§ **Instructions for the task**: Omit any picture, and return the remaining data exactly as written.

§ **Given material**:
───

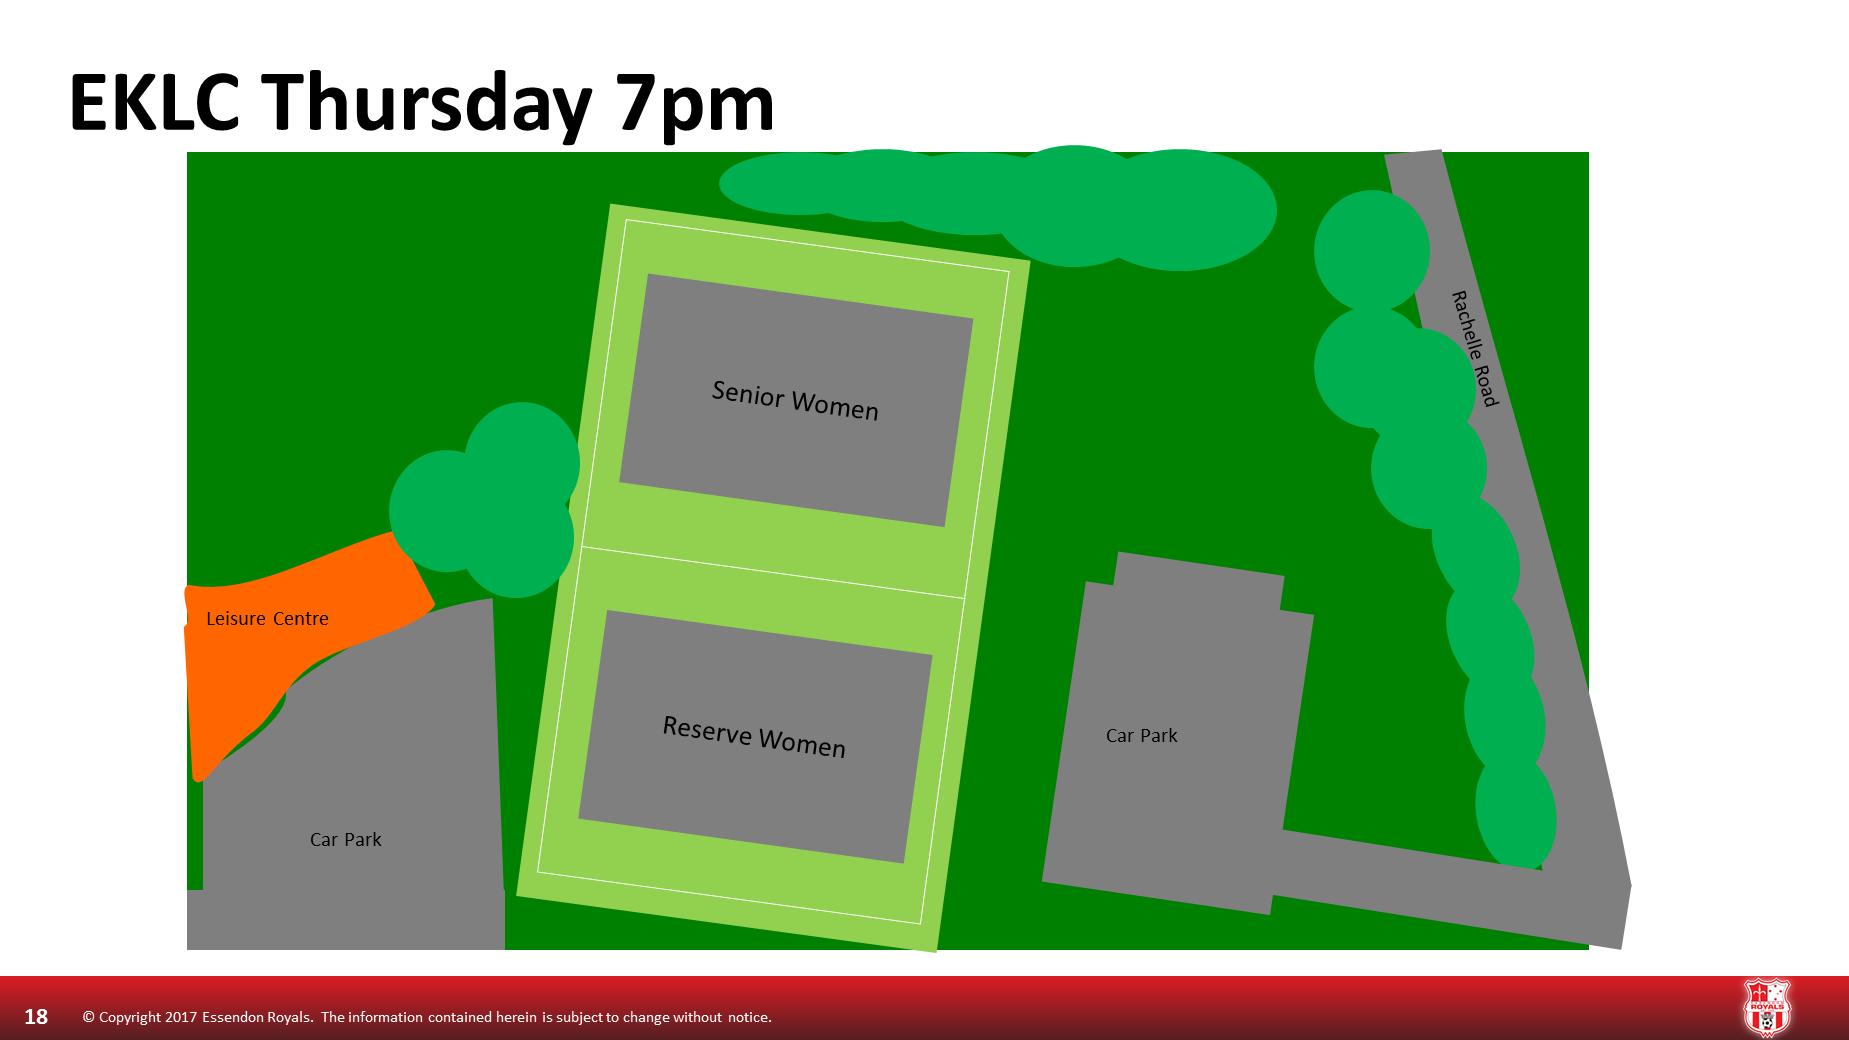 Thursday 7pm East Keilor Leisure Centre
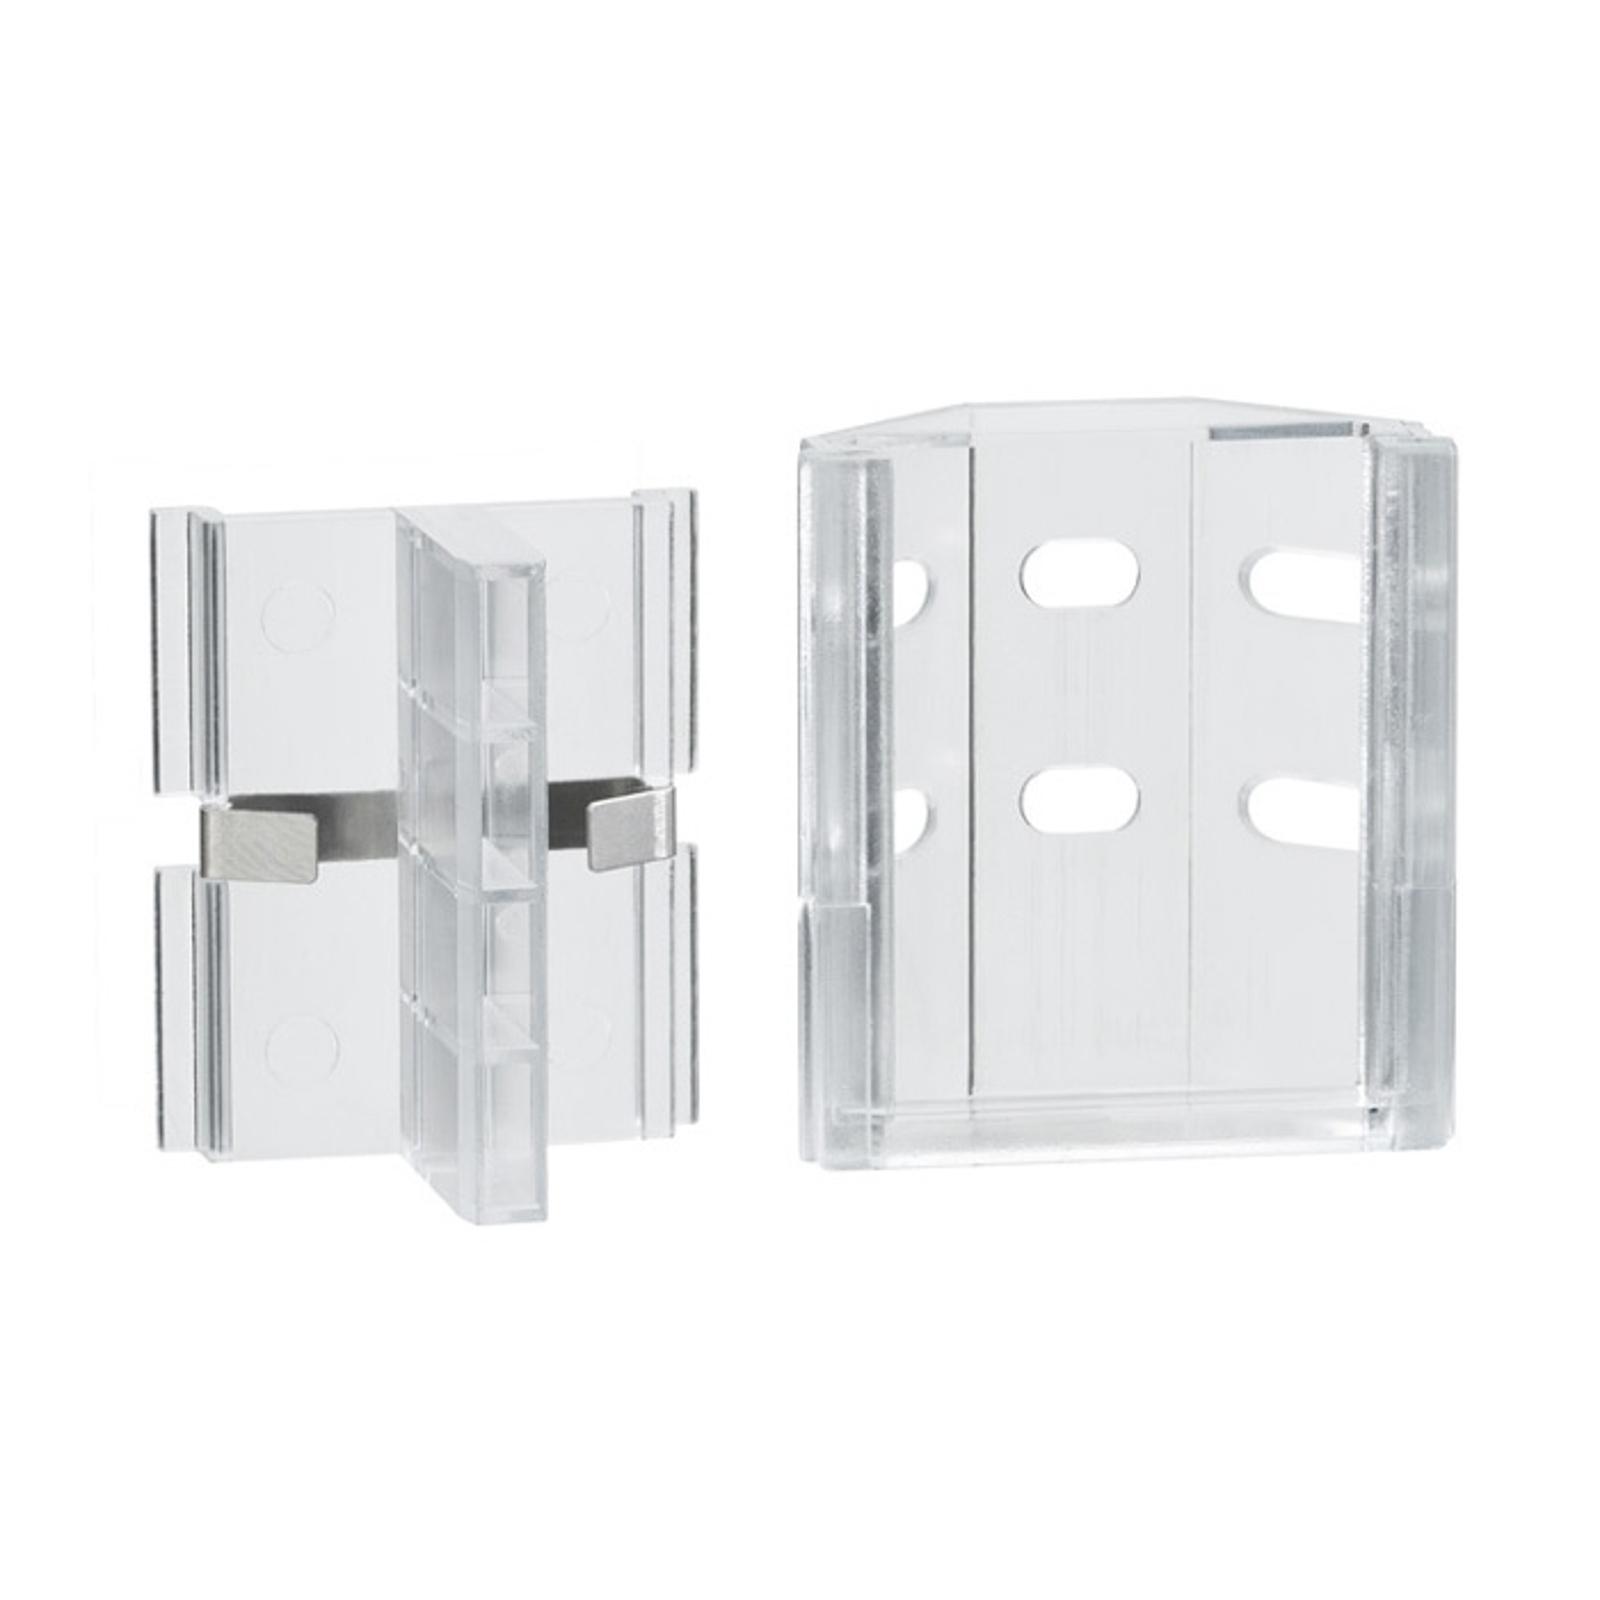 Support d'angle pour bandeau à LED Duo Profil
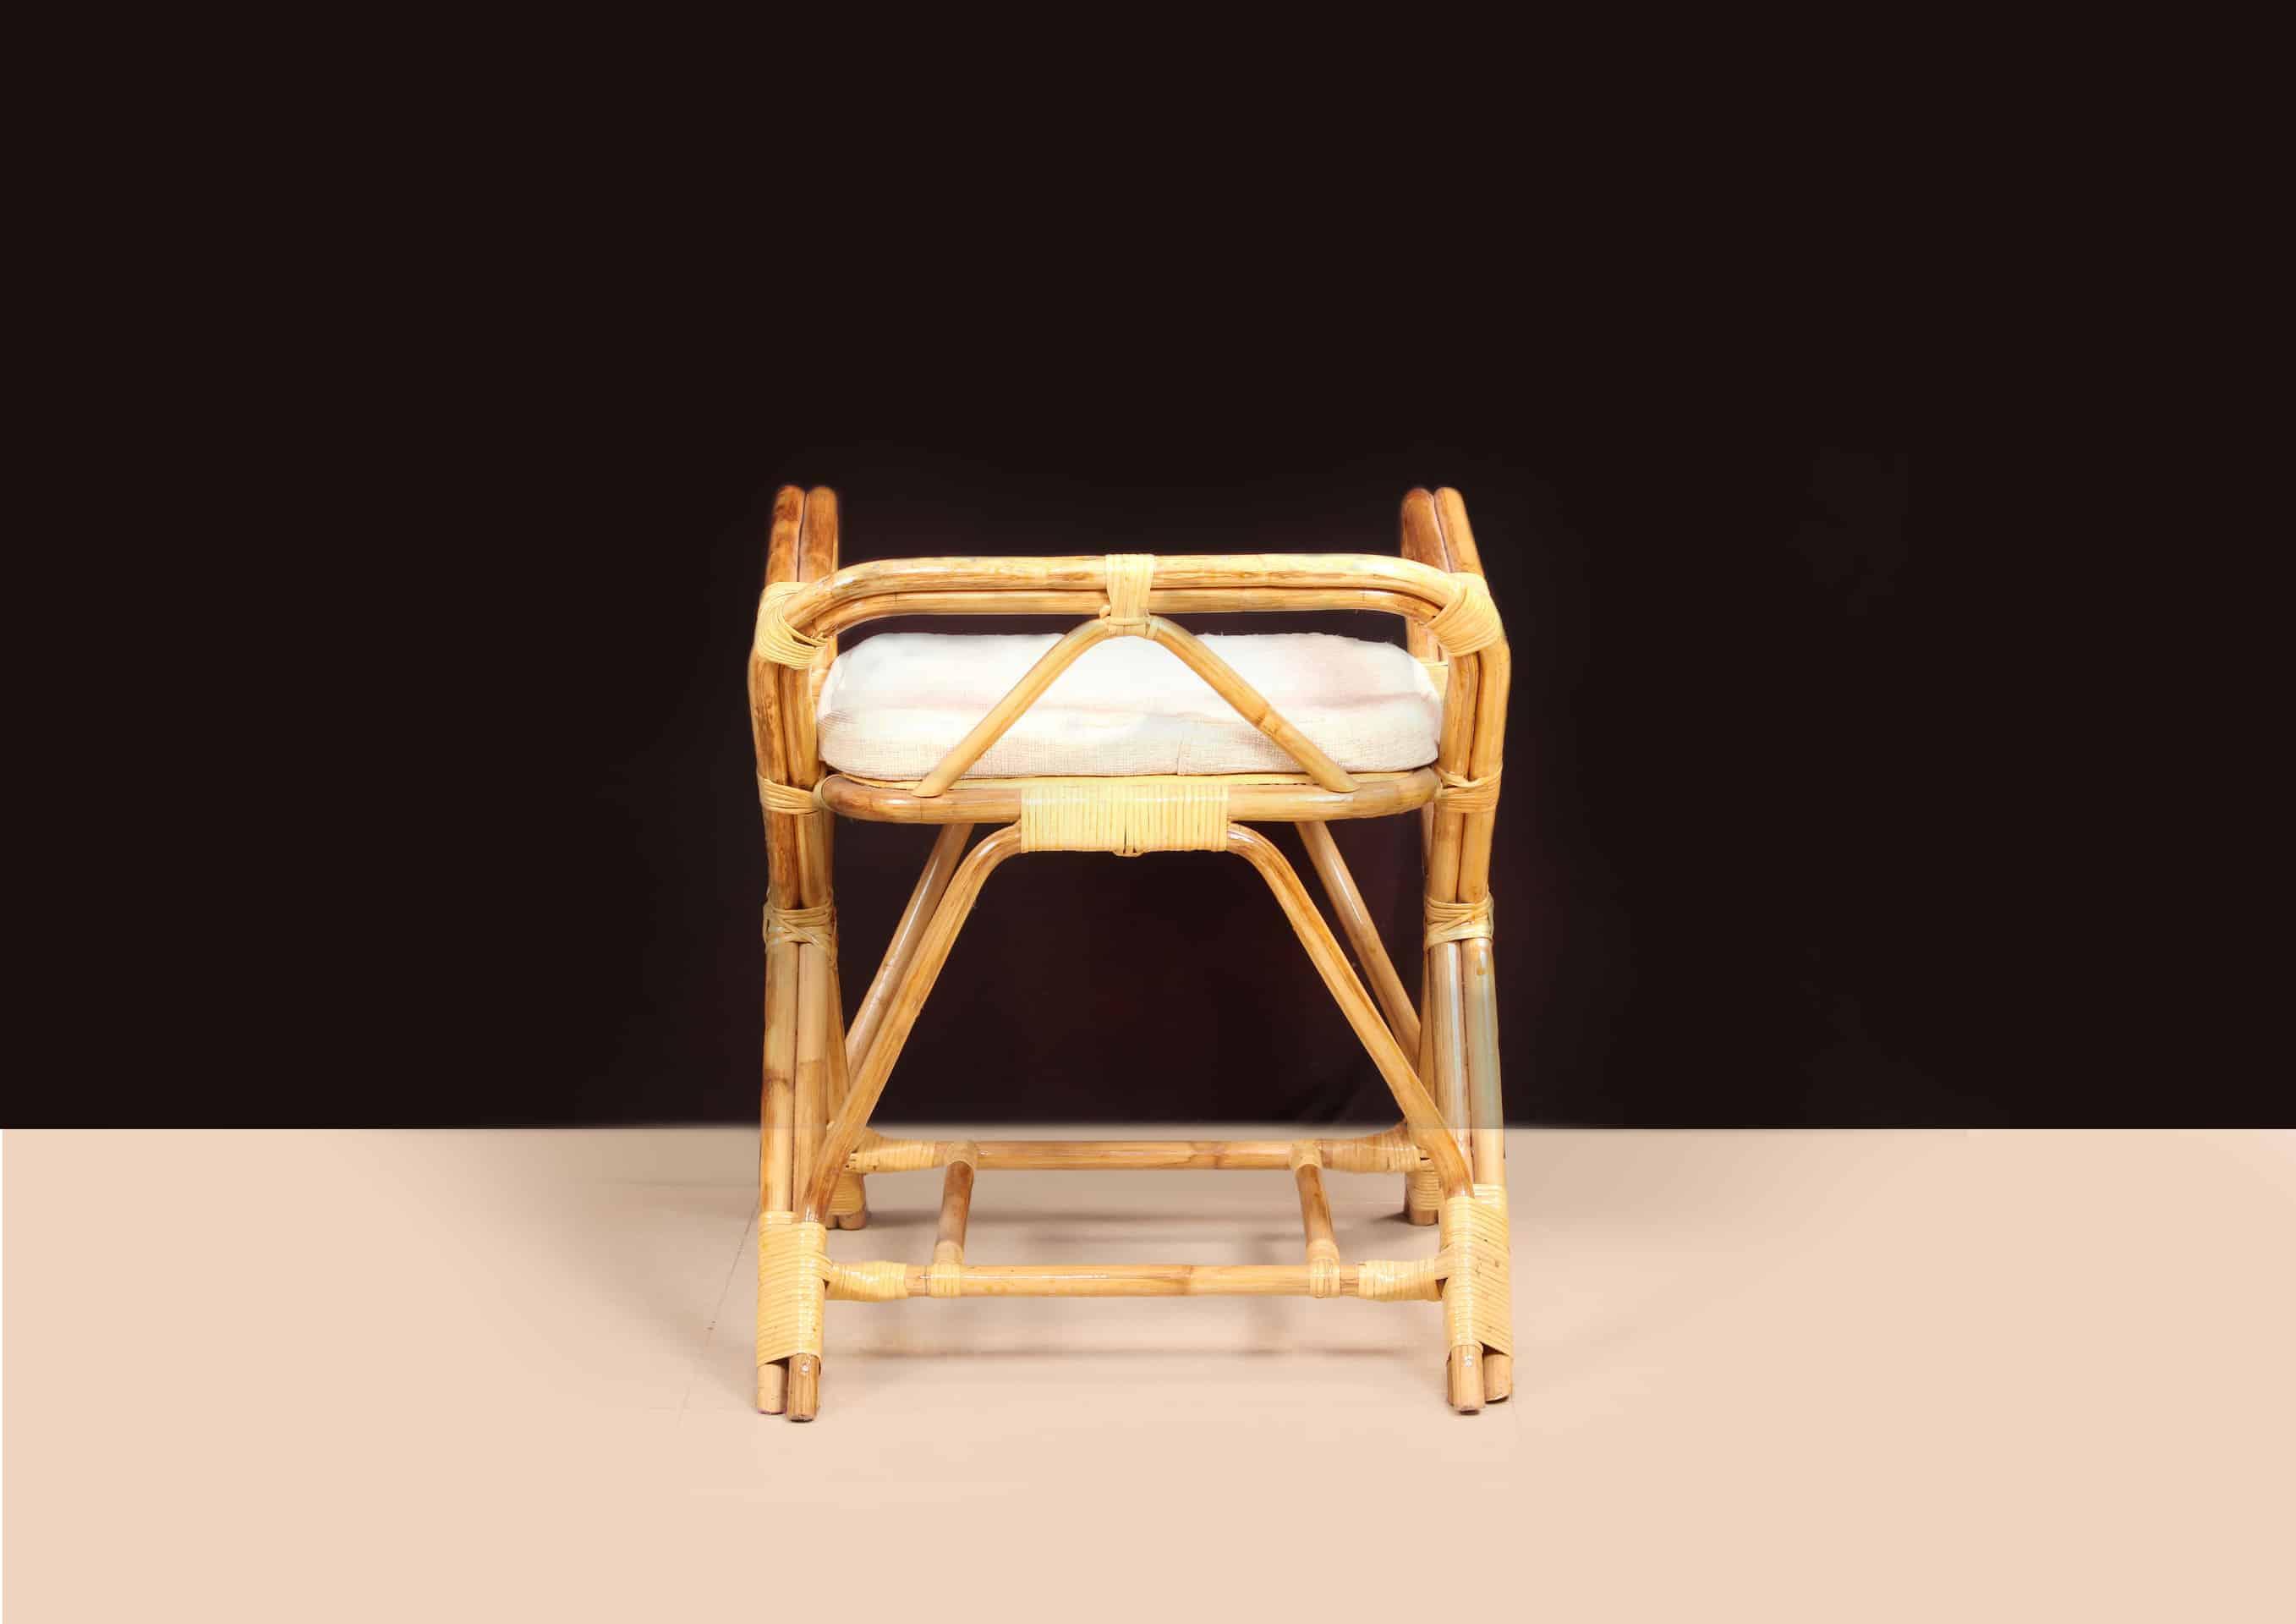 Waiting Chair Design Ideas

───

§ **Result of the task**:
 Thursday 7pm East Keilor Leisure Centre
 Support d'angle pour bandeau à LED Duo Profil
 Waiting Chair Design Ideas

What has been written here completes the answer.